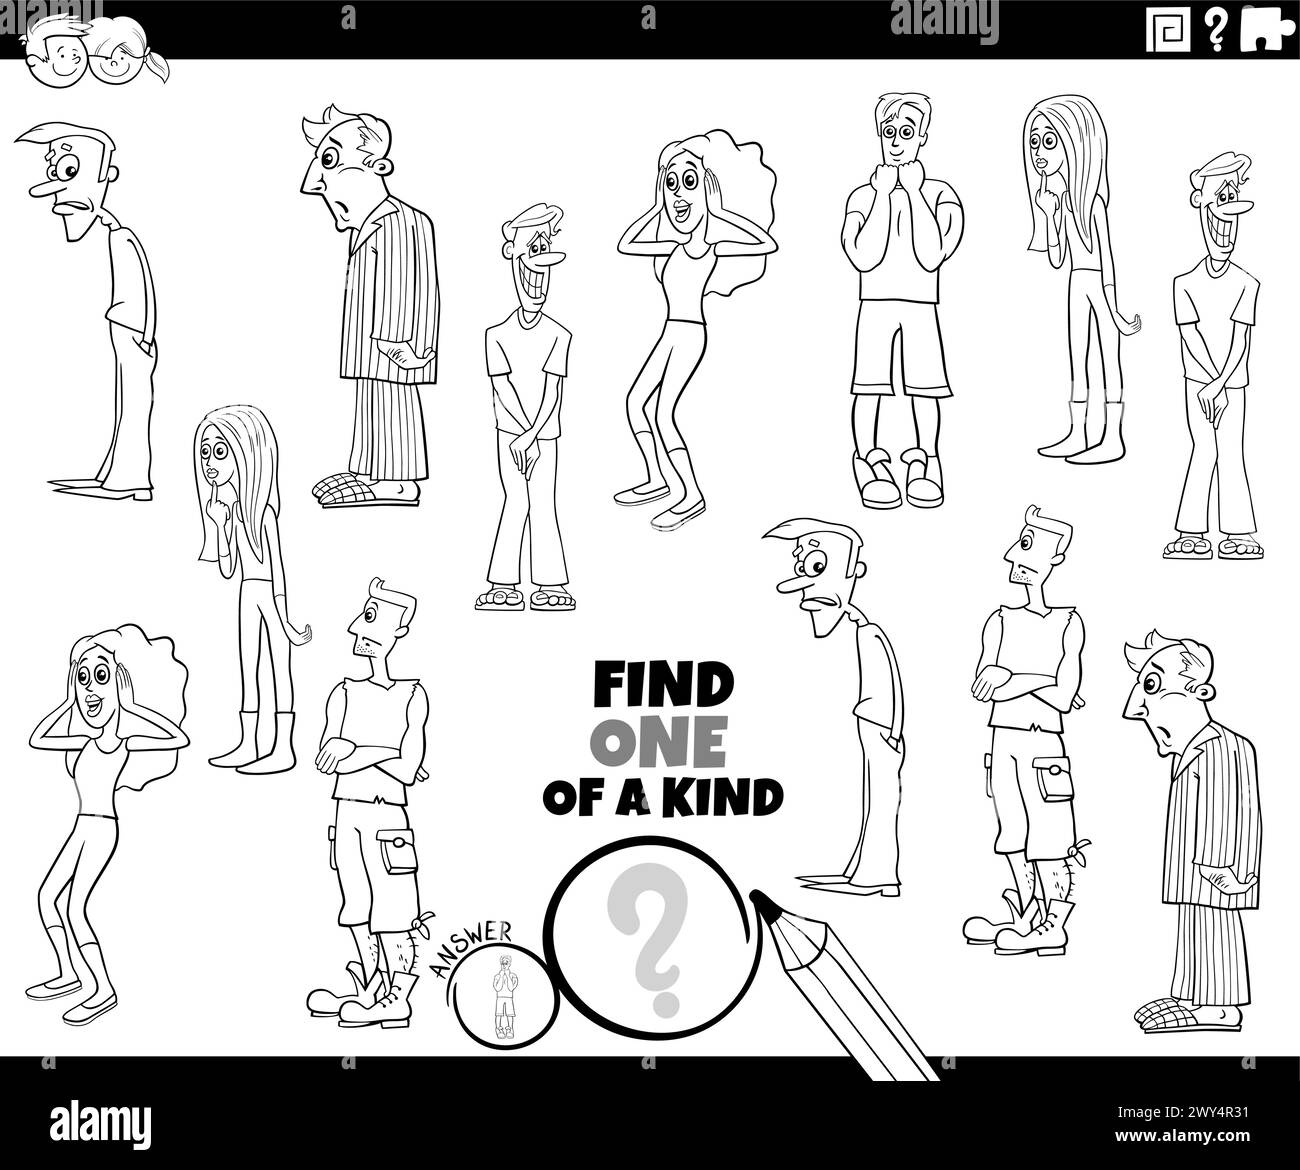 Illustration de dessin animé de trouver l'un d'une activité éducative d'image en genre avec la page de coloriage de personnages de jeunes gens surpris Illustration de Vecteur
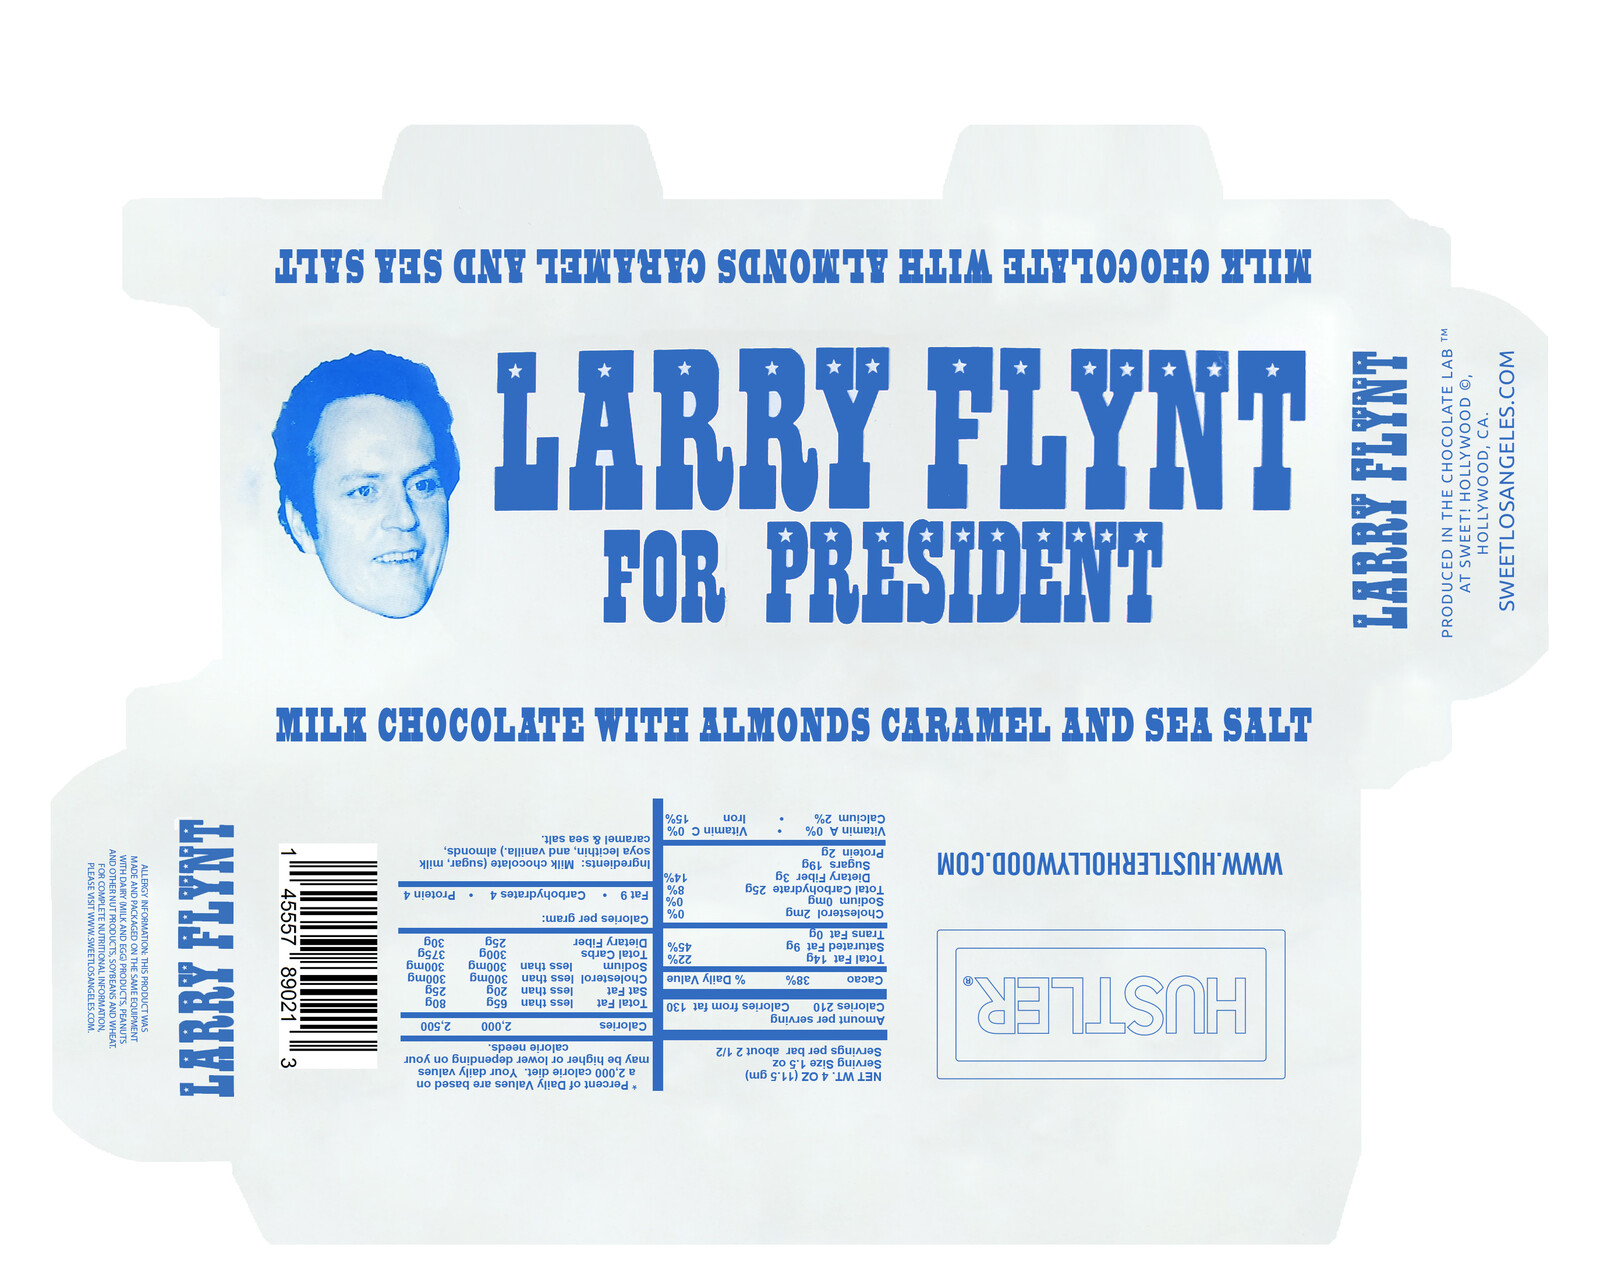 Hustler Larry flint for president
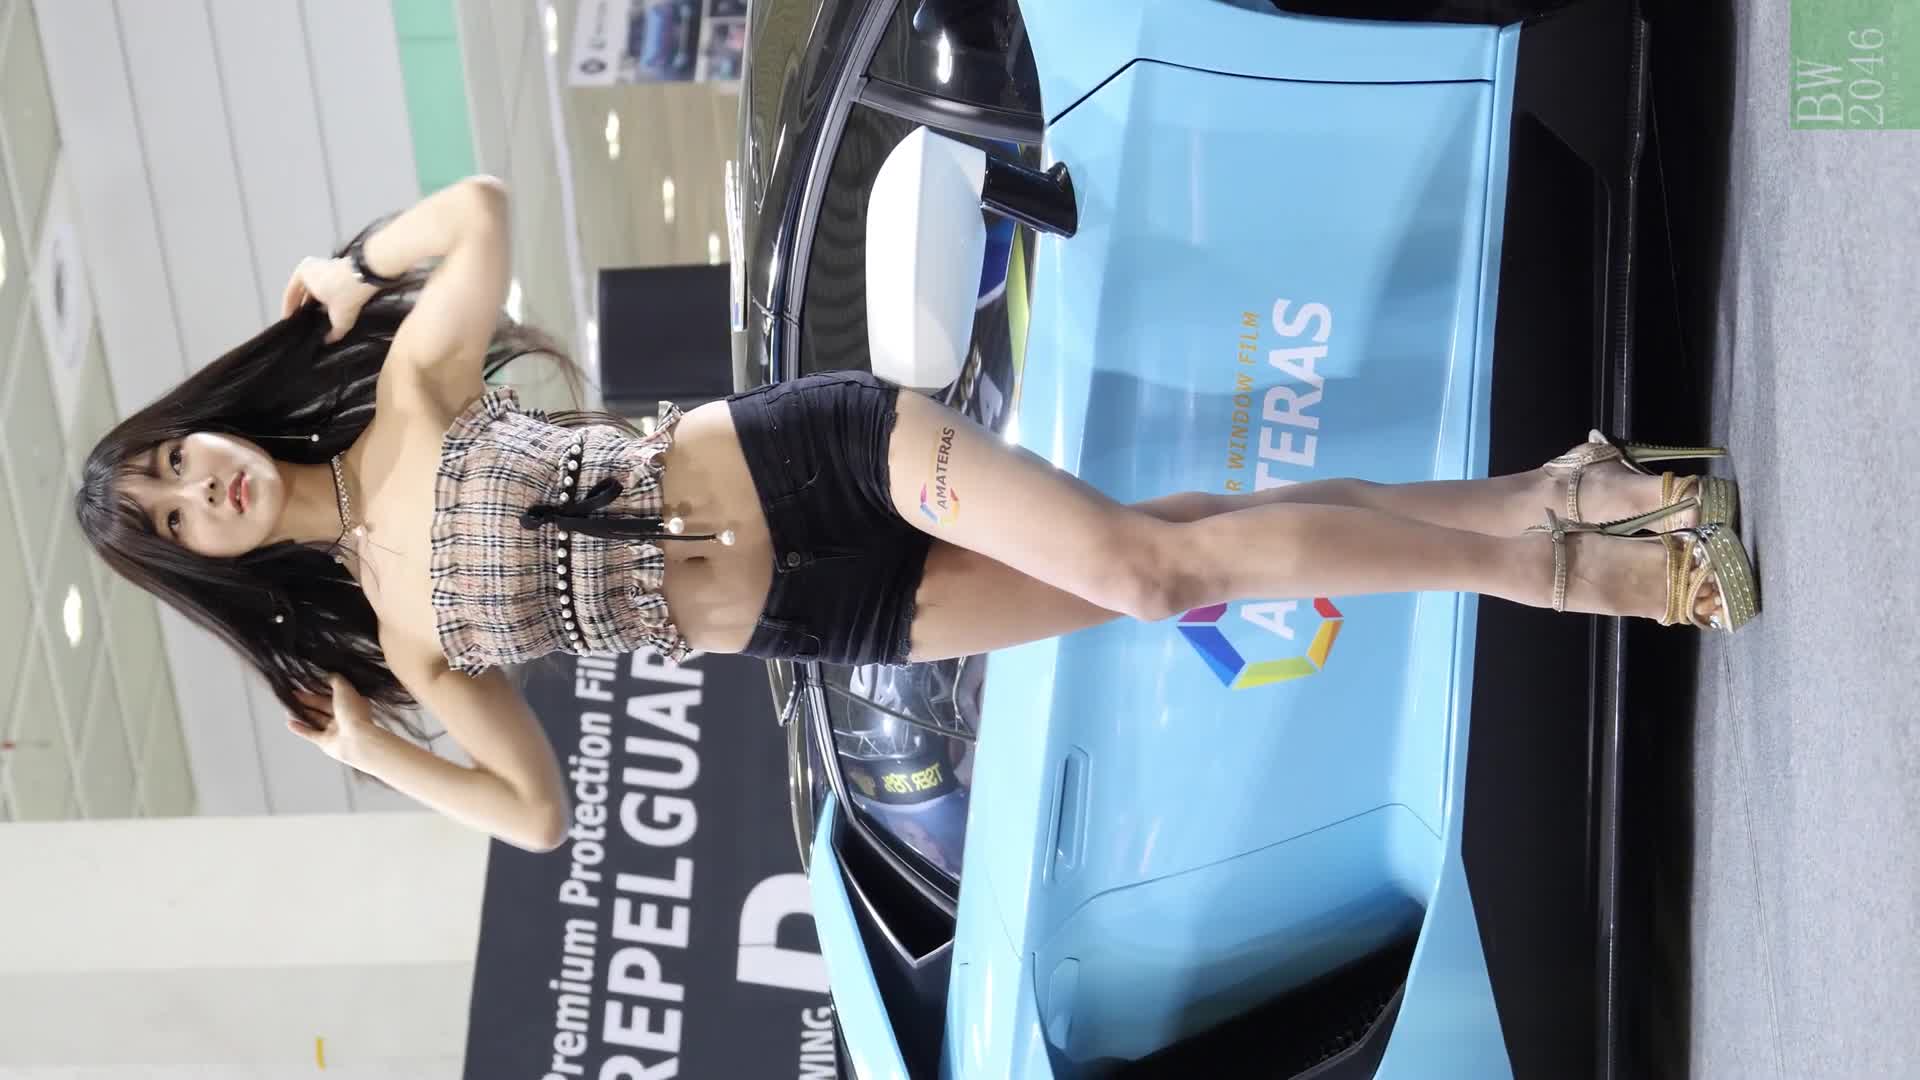 서울오토살롱 2018  SEOUL AUTO SALON 2018 – 최슬기 Choi Seul Gi 崔瑟琪, Racing Model 레이싱모델 RQ 車模 車展女模 35  H
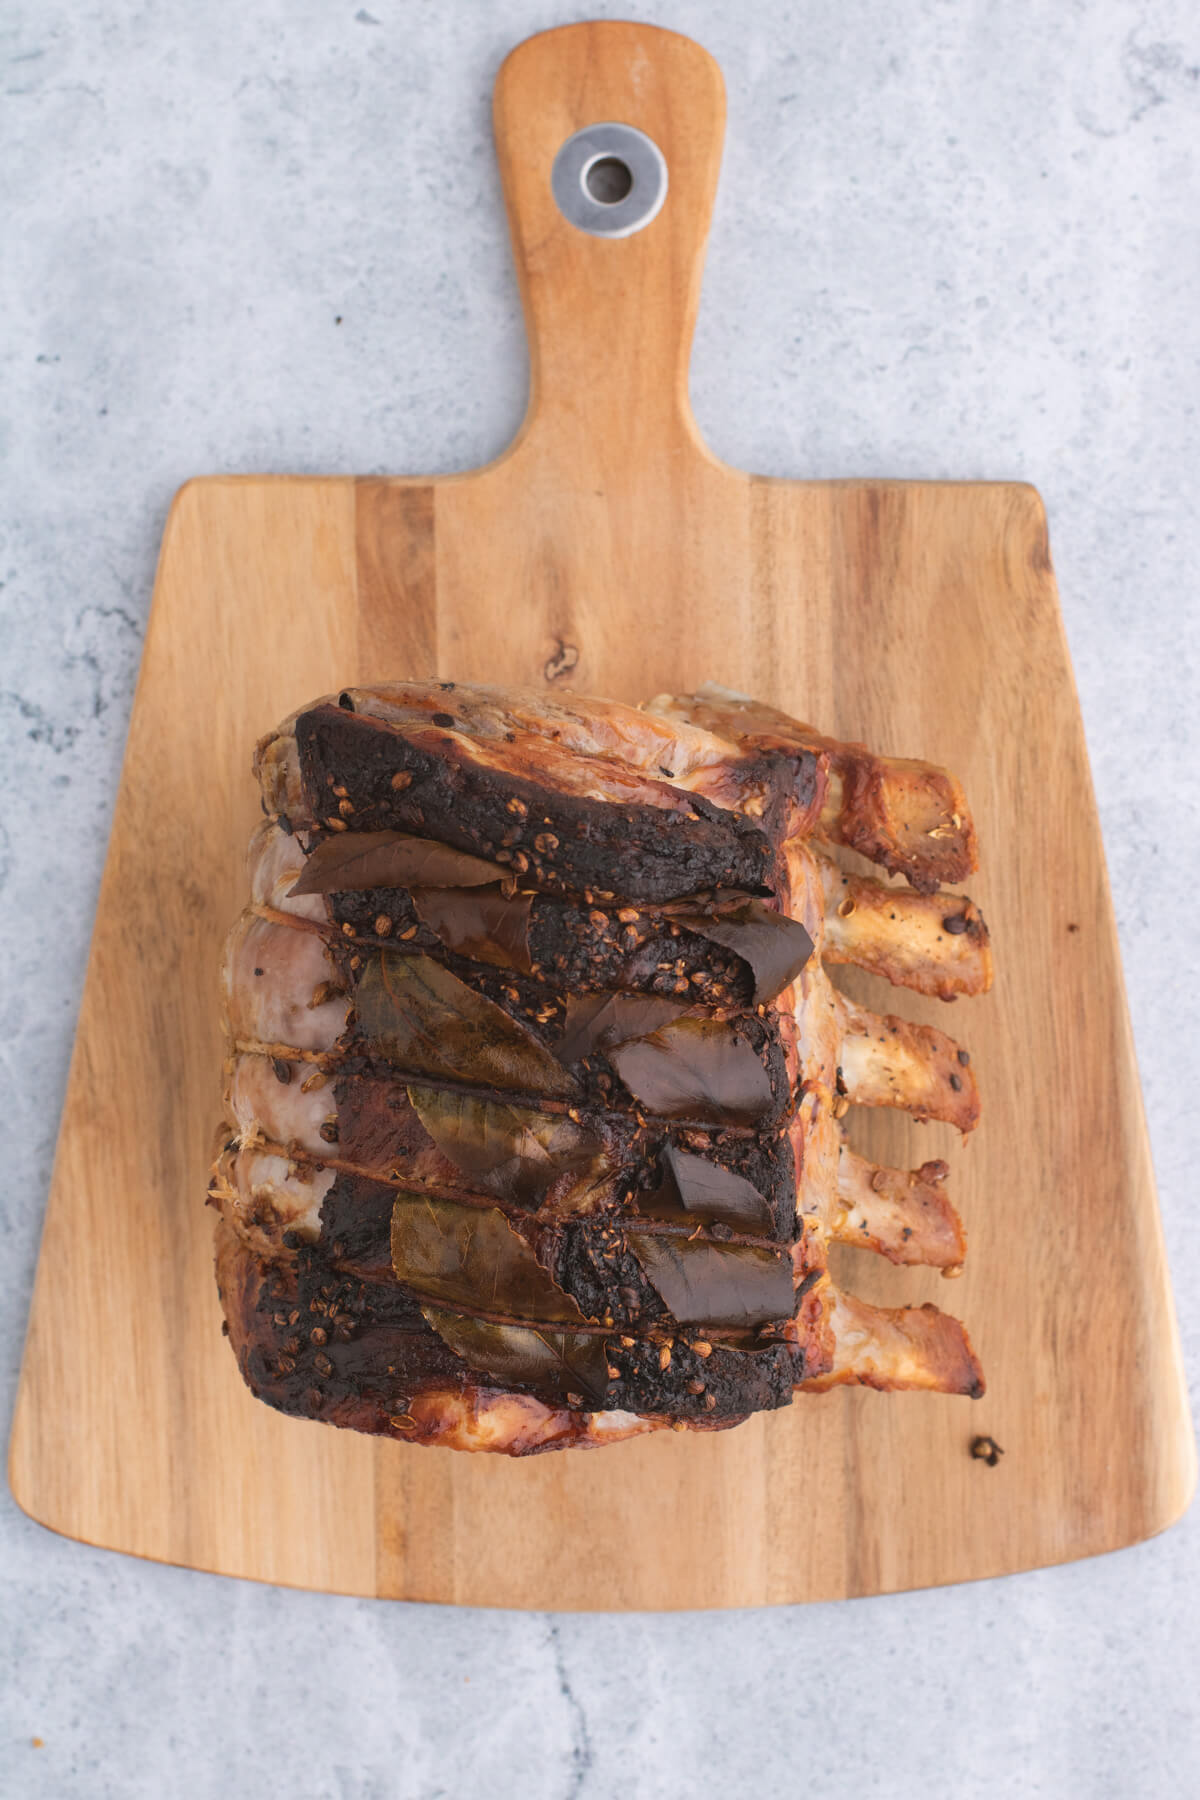 A whole roasted pork rib roast on a wooden cutting board.

- _Work required_
Reproduce the final stretch of lines exactly: the line containing "Hustler Larry flint for president" through the last line of the data, both included. Pictures do not belong in the copy.

- _Exercise answer_
 Hustler Larry flint for president
 서울오토살롱 2018  SEOUL AUTO SALON 2018 – 최슬기 Choi Seul Gi 崔瑟琪, Racing Model 레이싱모델 RQ 車模 車展女模 35  H
 A whole roasted pork rib roast on a wooden cutting board.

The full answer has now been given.